For once, I realise that being well versed in loss isn’t just an unfortunate trait that I carry like a burden. In this space between past and future, I feel the familiarity of myself. All the past versions of myself that coexist here meet me at this crossroads, and they greet me with stern handshakes that carry a weight of responsibility. I can see now that this is why I have the stomach to feel, to be bled dry, and not trip over my own guts while doing it. I learned early-on to let the blood run its route. After all, “the only way out is through”. From a young age, I took it upon myself to go through, and I took it like an oath.

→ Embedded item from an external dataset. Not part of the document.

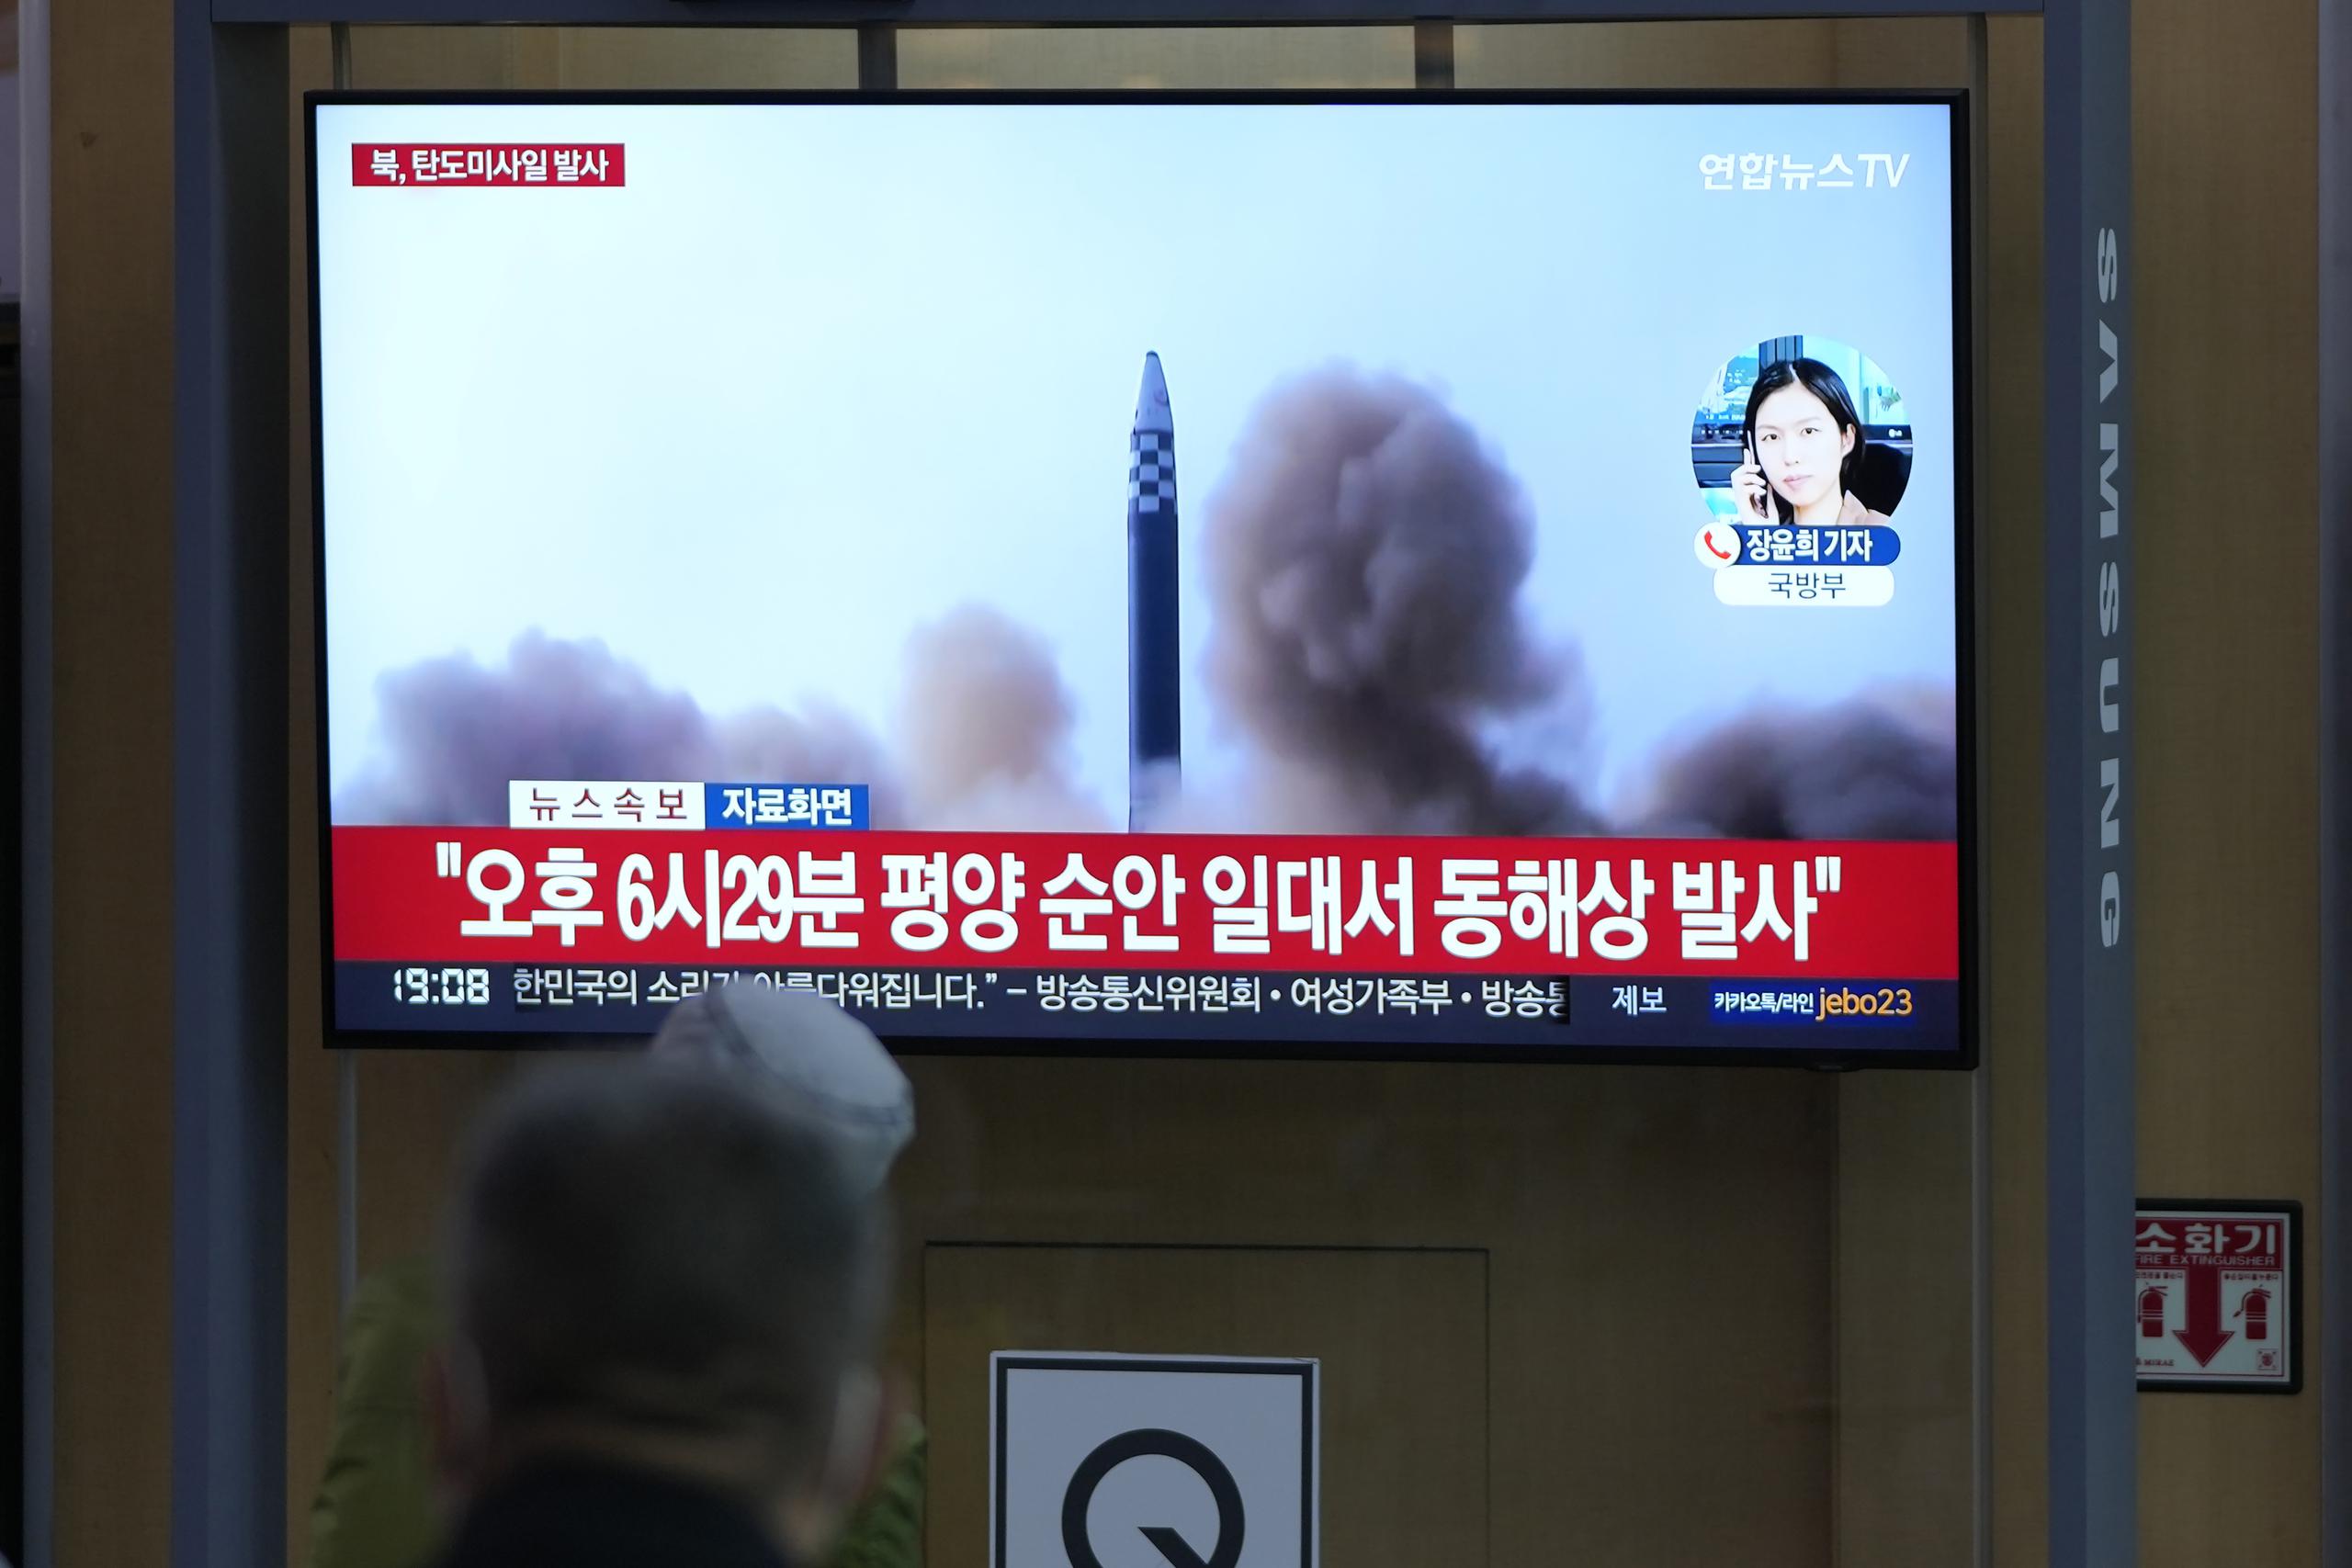 El Ministerio de Defensa de Japón confirmó el primer lanzamiento anunciado por Seúl, pero no ofreció más detalles.

I realise now that there is no becoming who I once was. It doesn’t add up. All these versions of myself are different, I mean, sure, they’re tangled into one another by a common essence, but they are incredibly unique to the time and space they inhabit. And it is the common essence of myself that I must build on – and I can feel it again, finally. The woman I was, she isn’t fit for this role. So, this is me, stepping up. I went through and, as if that wasn’t hard enough, there’s more work to be done: leaving behind. Putting some of this weight down and walking ahead. I tend to carry all of it with me, and some of it I’ll carry ‘til I die. But I know I must move. As I witness my own return, I feel my lost strength building itself up again.
Give me a gun and throw me in the trenches, folks. I know my way around.